On the way to the hotel she kept saying to herself: “Seymour!
Seymour! It's the only thing to do. It's the only thing to do.”
When the car stopped in front of the hotel she got out and went
herself to the bureau.
“Please give this to Miss Van Tuyn at once. It is very important.”
“Yes, my lady.”
“Is she in?”
“I'm not sure, my lady, but I can soon—”
“No, no, it doesn't matter. But it is really important.”
“It shall go up at once my lady.”
“Thank you.”
As Lady Sellingworth got into her car she felt a sense of relief.
“I've done the right thing. Nothing else matters.”
CHAPTER VI
Miss Van Tuyn was not in the hotel when Lady Sellingworth called.
She did not come back till late, and when she entered the hall she was
unusually pale, and looked both tired and excited. She had been to Dick
Garstin on an unpleasant errand, and she had failed in achieving what
she had attempted to bring about. Garstin had flatly refused not to
exhibit Arabian's portrait. And she had been obliged to tell Arabian of
his refusal.
The man at the bureau gave her Lady Sellingworth's note, and she
took it up with her to her sitting-room. As she sat down to read it she
noticed the words on the envelope, “Strictly private,” and wondered
what it contained. She did not recognize the handwriting as Adela's.
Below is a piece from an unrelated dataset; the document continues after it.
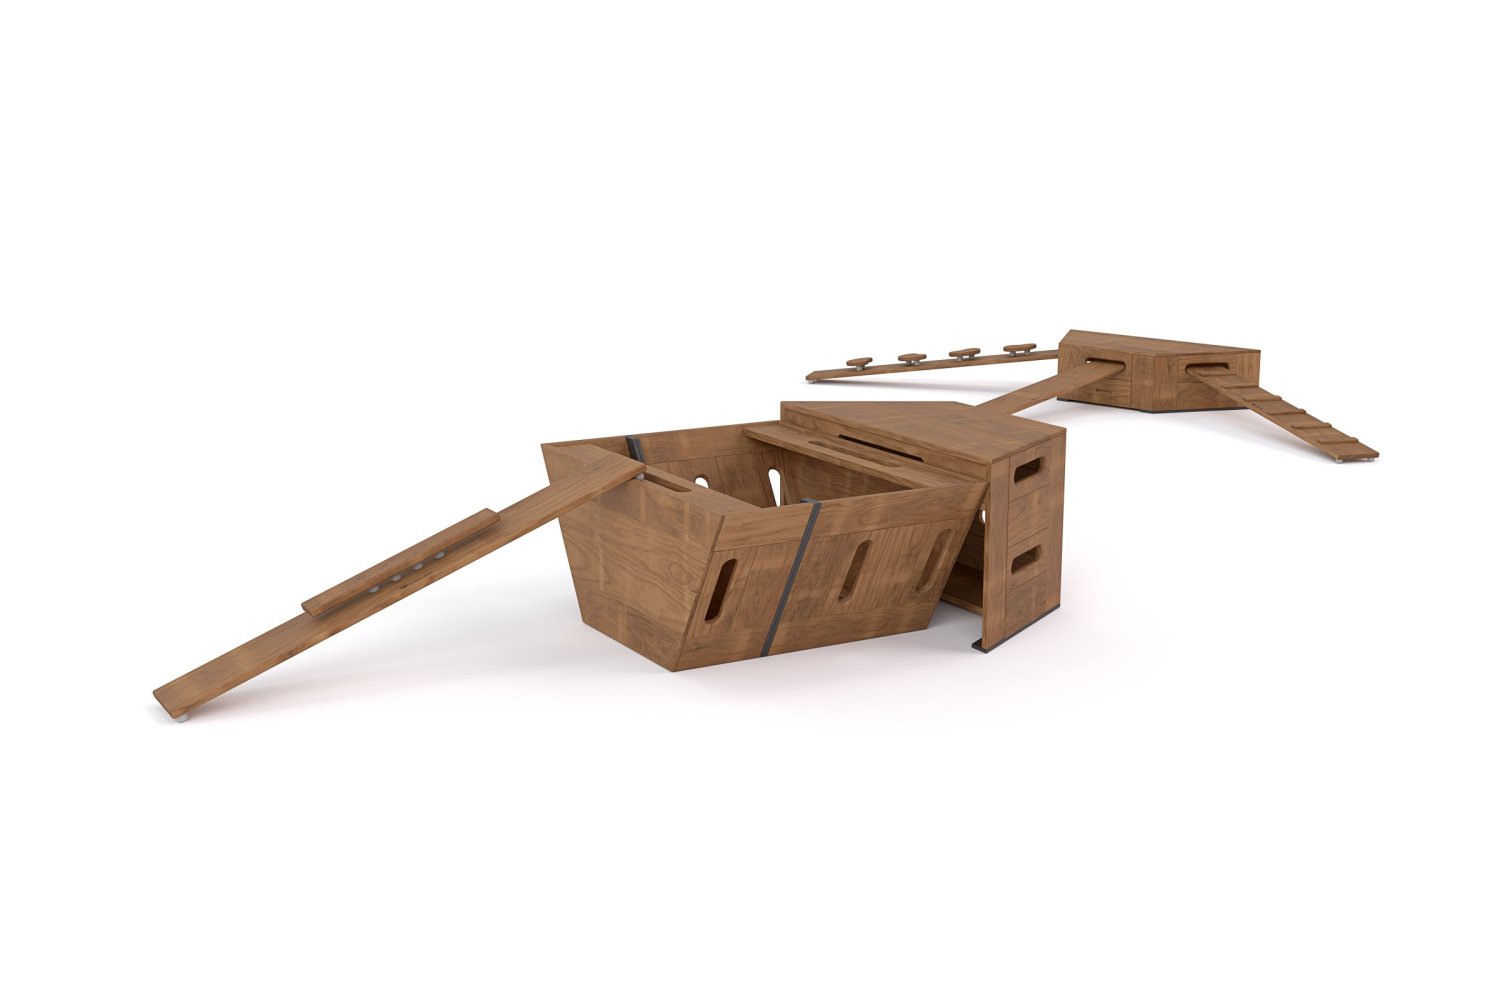 Configurable playground create a boat with climbers

She took the letter out of the envelope and saw again the warning
words.
“What can it be about?”
Before she read further she felt some unpleasant information was in
store for her, and for a moment she hesitated. Then she looked at the
address on the paper: “18A Berkeley Square.”
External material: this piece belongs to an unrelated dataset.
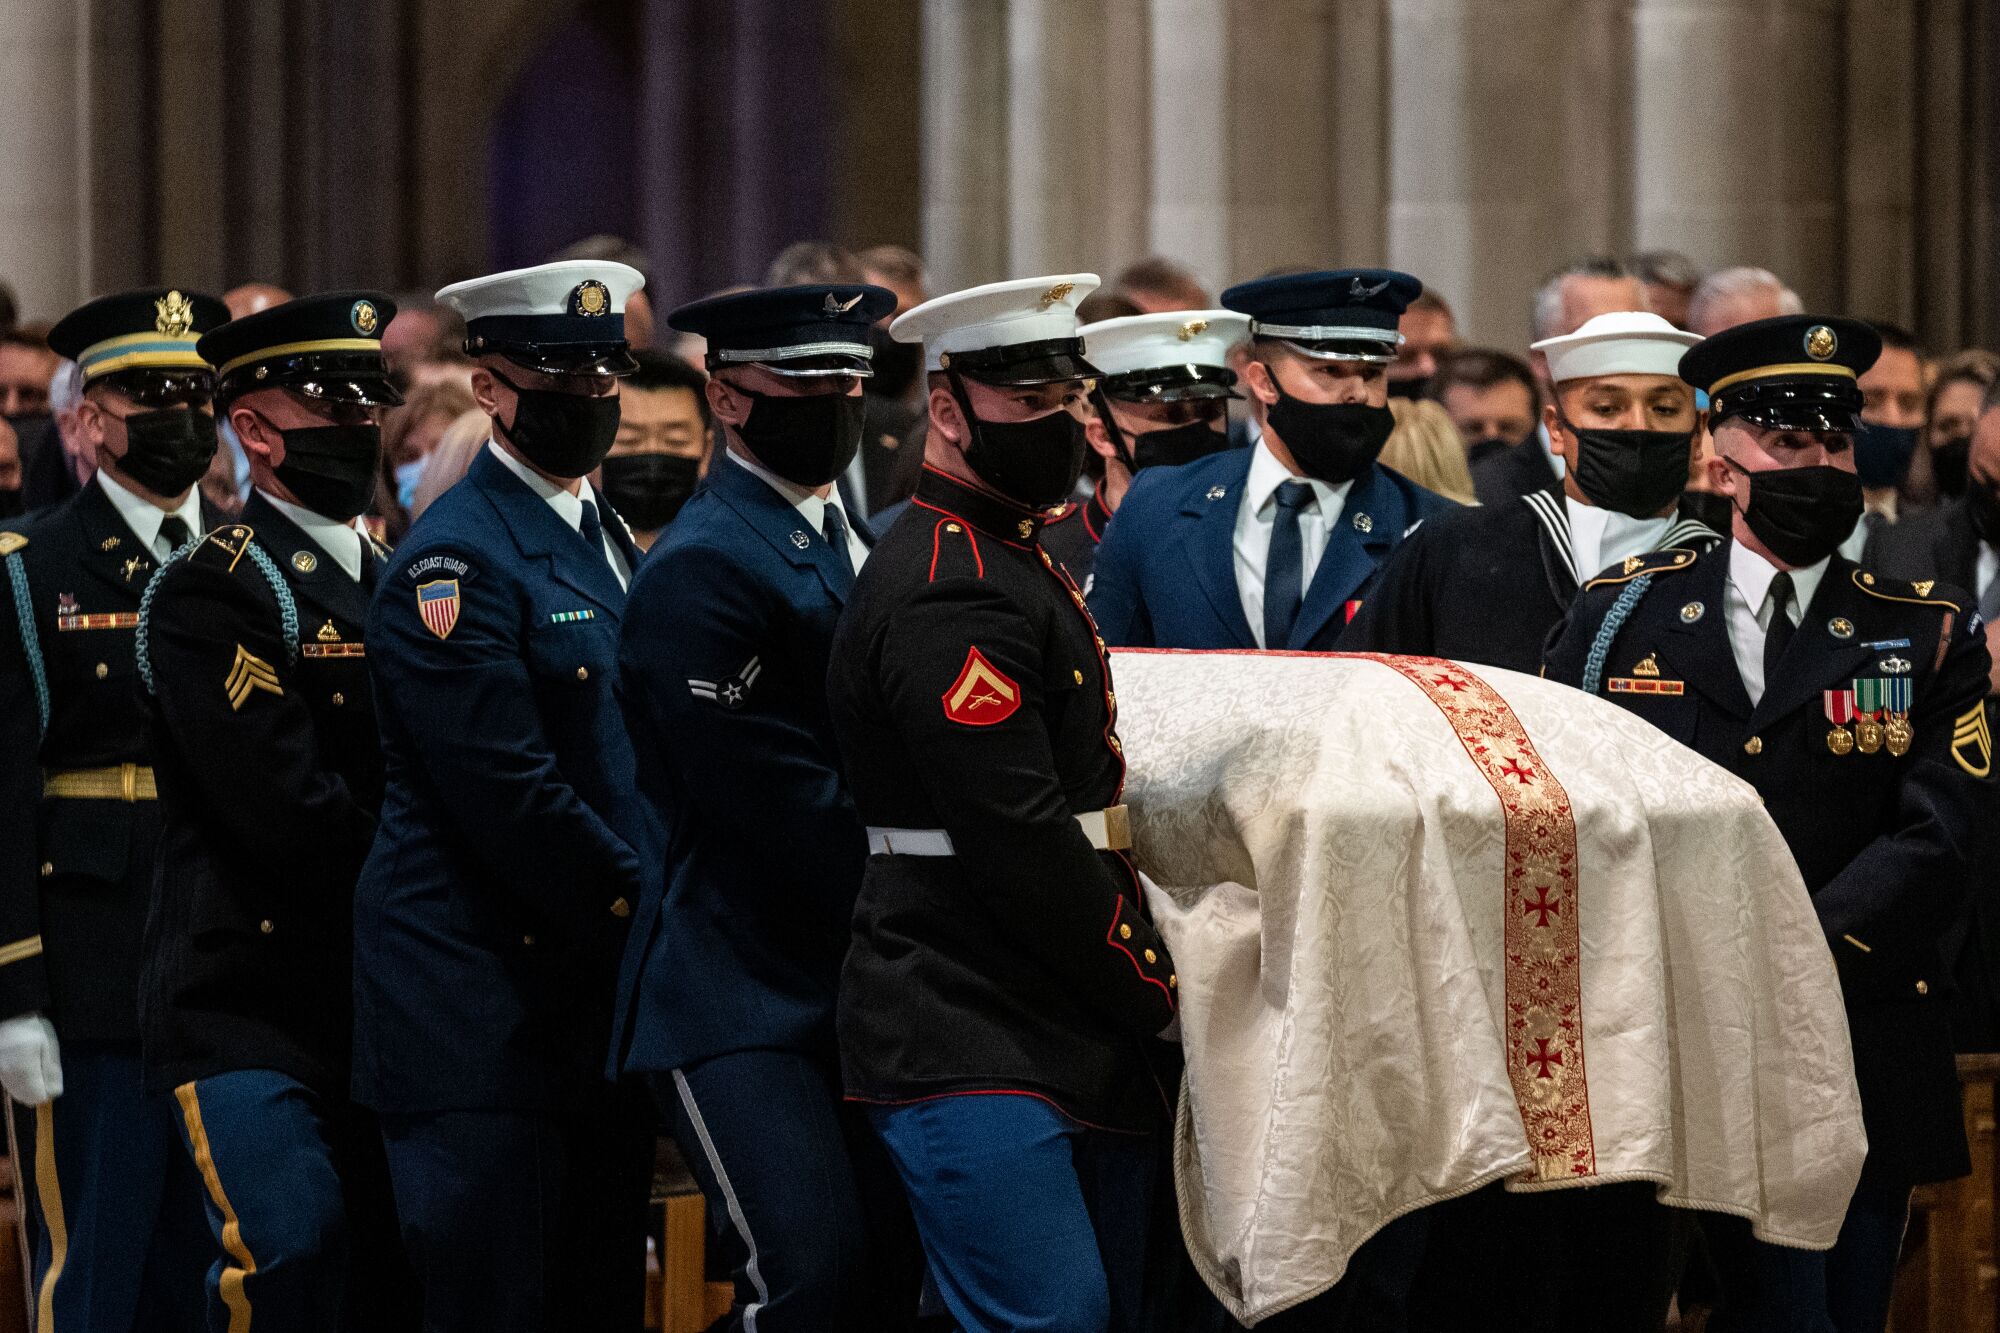 The funeral for Bob Dole at Washington National Cathedral.

It was from Adela! She frowned. She felt hostile, already on the
defensive, though she had, of course, no idea what the letter was
about. But when she had read it her cheeks were scarlet, and she
crushed the paper up in her hand.
“How dare she write to me like that! I don't believe it. I don't
believe a word of it! She only wants to take him away from me as she is
trying to take Alick Craven.”
Instantly she had come to a conclusion about Adela's reason for
writing that letter. She remembered the strange episode in the Bella
Napoli on the previous evening—Adela's extraordinary departure
when Craven had come to speak to her and Arabian. She had not seen
Craven again. There had been no explanation of that flight. In this
letter, between the lines, she read the explanation. Adela must know
Arabian, must have had something to do with him in the past. They had,
perhaps, even been lovers. She did not know the age of Arabian, but she
guessed that he was about thirty-five, perhaps even thirty-eight. Adela
was sixty now. They might have been lovers when Arabian was quite
young, perhaps almost a boy. At that time Adela had been a brilliant
and conquering beauty, middle-aged certainly, over forty, but still
beautiful, still full of charm, still bent on conquest. Miss Van Tuyn
remembered the photograph of Adela which she had seen at Mrs.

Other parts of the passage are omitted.